Although no one from Nelson Cruz & Associates appeared in response to the order to show cause, on closer review the Court finds that the debtor has not shown by clear and convincing evidence that Nelson Cruz & Associates had actual knowledge of the debtor's bankruptcy discharge at the time Angela Davis attempted to contact the debtor. Additionally, it appears that once the debtor informed Ms. Davis of his bankruptcy discharge, Nelson Cruz & Associates made no further collection efforts.

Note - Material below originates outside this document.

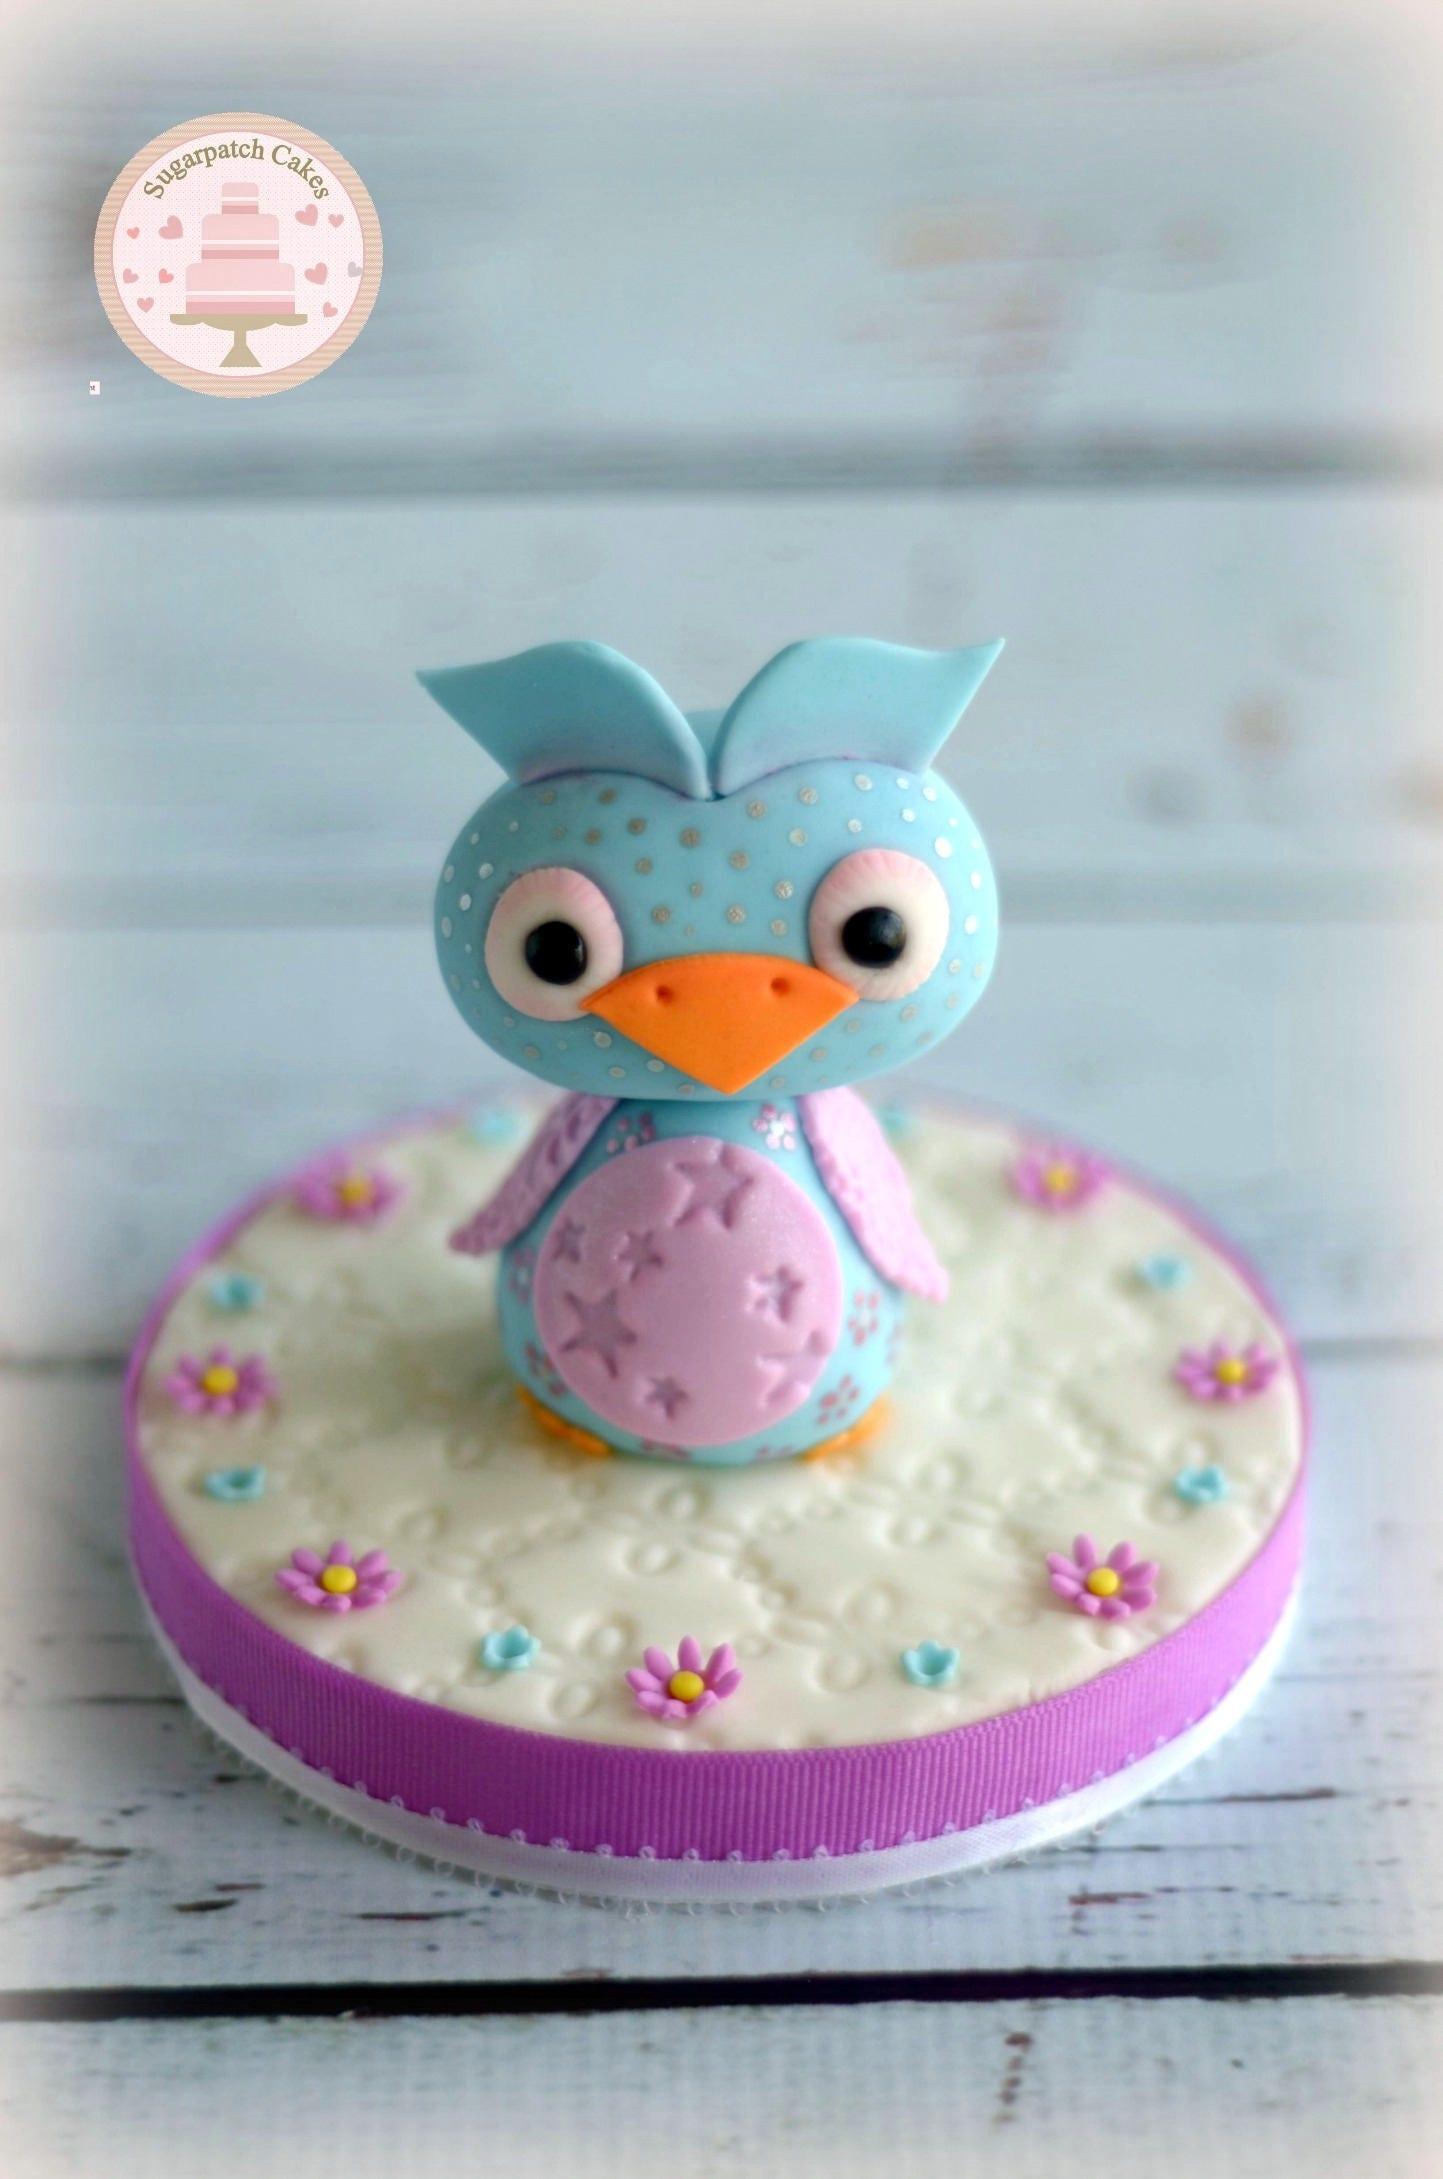 Fondant Cake Topper Owl Cake Topper Cute Cake Topper

It is not entirely clear to the Court under what circumstances Nelson Cruz & Associates undertook this collection effort. Among other possibilities, it could be that Washington Mutual or JP Morgan Chase employed Nelson Cruz & Associates as a collection agent for this debt or sold this discharged debt to Nelson Cruz & Associates. While it is unfortunate that Nelson Cruz & Associates attempted to collect on a discharged debt, the more appropriate course of action would be for the debtor to move for an order that Washington Mutual and/or JP Morgan Chase - both of whom presumably had actual notice of the debtor's discharge - appear and show cause why they should not be sanctioned for violating the discharge injunction through the collection efforts of Nelson Cruz & Associates. See In re Gunter, 389 B.R. at 73-74 (creditor violates discharge injunction by turning a discharged debt over to a third party without informing that party of the discharge). See also In re Nassoko, 405 B.R. 515, 521-22 (Bankr. S.D.N.Y. 2009) (comparing In re Gunter, 389 B.R. 67 (Bankr. S.D. Ohio 2008) with Finnie v. First Union Nat'l Bank, 275 B.R. 743 (E.D. Va. 2002)).

Accordingly, the debtor's motion for sanctions is denied without prejudice.

IT IS SO ORDERED.

IT IS SO ORDERED.

Dated: September 16, 2016

/s/ _________

ARTHUR I. HARRIS

UNITED STATES BANKRUPTCY JUDGE


Summaries of

In re Hamaoui

UNITED STATES BANKRUPTCY COURT NORTHERN DISTRICT OF OHIO
Sep 16, 2016
Case No. 14-12194 (Bankr. N.D. Ohio Sep. 16, 2016)
Case details for

In re Hamaoui

Case Details

Full title:In re: NABIL SALEM HAMAOUI, Debtor.

Court:UNITED STATES BANKRUPTCY COURT NORTHERN DISTRICT OF OHIO

Date published: Sep 16, 2016

Citations

Case No. 14-12194 (Bankr. N.D. Ohio Sep. 16, 2016)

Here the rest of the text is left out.